Configurare SSL end-to-end usando un gateway applicazione con PowerShell

Panoramica

Il gateway applicazione di Azure supporta la crittografia end-to-end del traffico. Il gateway applicazione termina la connessione SSL nel gateway applicazione stesso. Il gateway applica quindi le regole di routing al traffico, crittografa di nuovo il pacchetto e inoltra il pacchetto al server back-end appropriato in base alle regole di routing definite. Eventuali risposte dal server Web subiscono lo stesso processo in ritorno verso l'utente finale.

Il gateway applicazione supporta la definizione di opzioni SSL personalizzate. Il gateway applicazione supporta anche queste versioni del protocollo: TLSv1.0, TLSv1.1 e TLSv1.2, oltre alla definizione dei pacchetti di crittografia da usare e l'ordine di preferenza. Per altre informazioni sulle opzioni SSL configurabili, vedere Panoramica dei criteri SSL.

Nota

SSL 2.0 e SSL 3.0 sono disabilitati per impostazione predefinita e non possono essere abilitati. Sono considerati non sicuri e non possono essere usati con il gateway applicazione.

immagine dello scenario

Scenario

Questo scenario mostra come creare un gateway applicazione usando SSL end-to-end con PowerShell.

Questo scenario illustrerà come:

  • Creare un gruppo di risorse chiamato appgw-rg.
  • Creare una rete virtuale chiamata appgwvnet con uno spazio indirizzi 10.0.0.0/16.
  • Creare due subnet denominate appgwsubnet e appsubnet.
  • Creare un piccolo gateway applicazione che supporti la crittografia SSL end-to-end, che limita le versioni del protocollo SSL e i pacchetti di crittografia.

Prima di iniziare

Per configurare SSL end-to-end con un gateway applicazione, sono necessari un certificato per il gateway e i certificati per i server back-end. Il certificato del gateway viene usato per crittografare e decrittografare il traffico inviato tramite SSL. Il certificato del gateway deve essere in formato PFX (Personal Information Exchange). Questo formato di file consente l'esportazione della chiave privata necessaria al gateway applicazione per eseguire la crittografia e la decrittografia del traffico.

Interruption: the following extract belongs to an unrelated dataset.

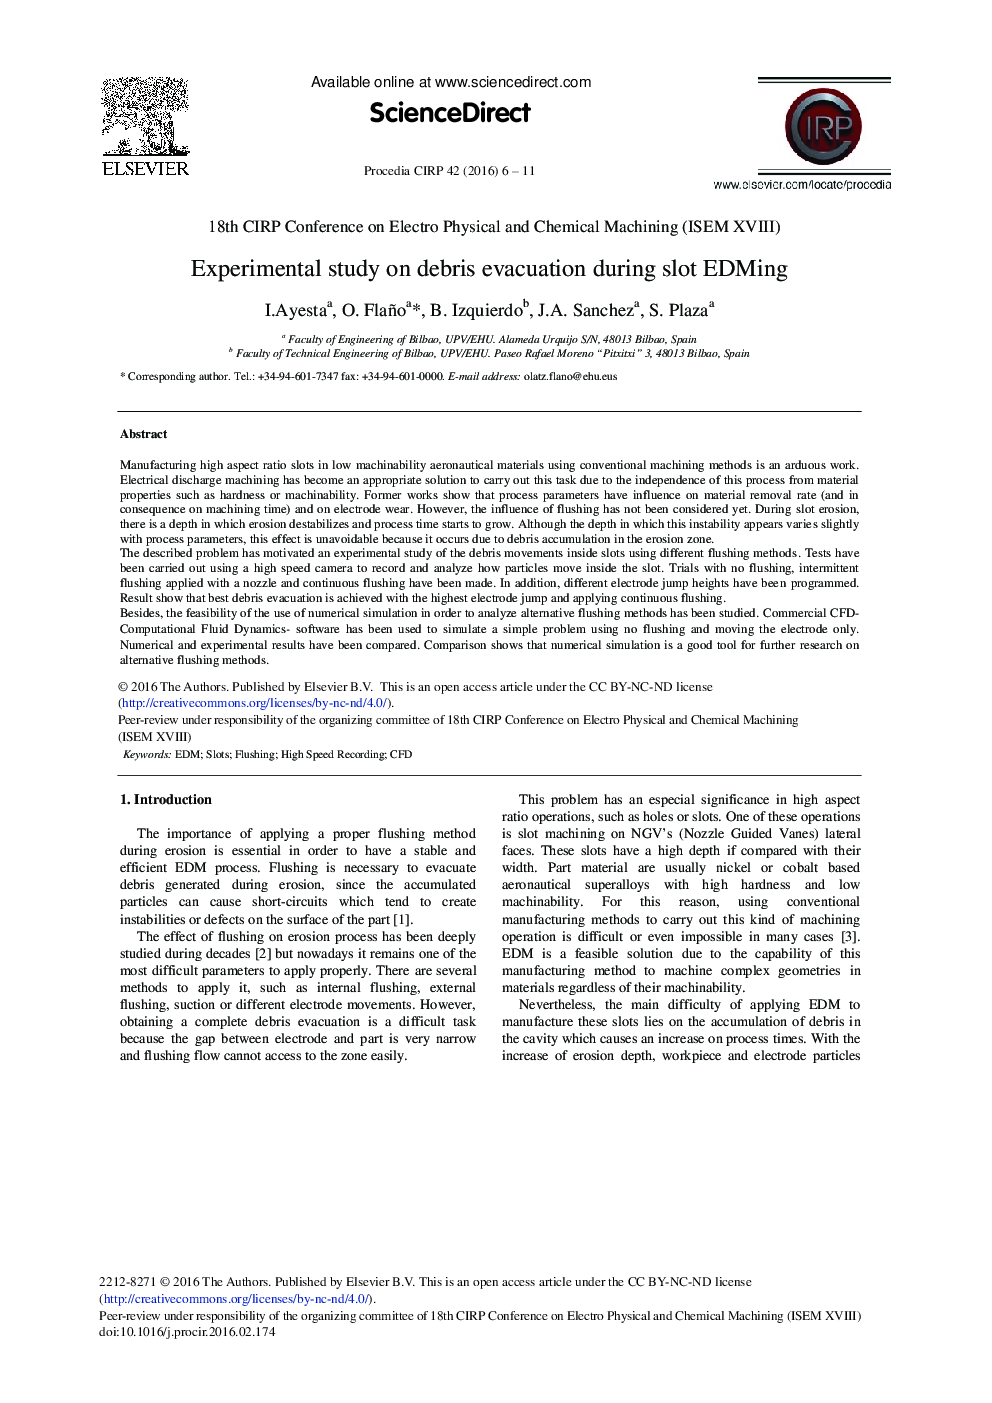 Experimental Study on Debris Evacuation during Slot EDMing

Per la crittografia SSL end-to-end, il back-end deve essere incluso nell'elenco elementi consentiti con il gateway applicazione. È necessario caricare il certificato pubblico dei server back-end nel gateway applicazione. L'aggiunta del certificato garantisce che il gateway applicazione comunichi solo con istanze di back-end note, proteggendo ulteriormente la comunicazione end-to-end.

Questo processo di configurazione viene descritto nelle sezioni seguenti.

Creare il gruppo di risorse.

Questa sezione descrive la creazione di un gruppo di risorse che contiene il gateway applicazione.

  1. Accedere all'account Azure.

    Login-AzureRmAccount
    
  2. Selezionare la sottoscrizione da usare per questo scenario.

    Select-AzureRmsubscription -SubscriptionName "<Subscription name>"
    
  3. Creare un gruppo di risorse. Se si usa un gruppo di risorse esistente, ignorare questo passaggio.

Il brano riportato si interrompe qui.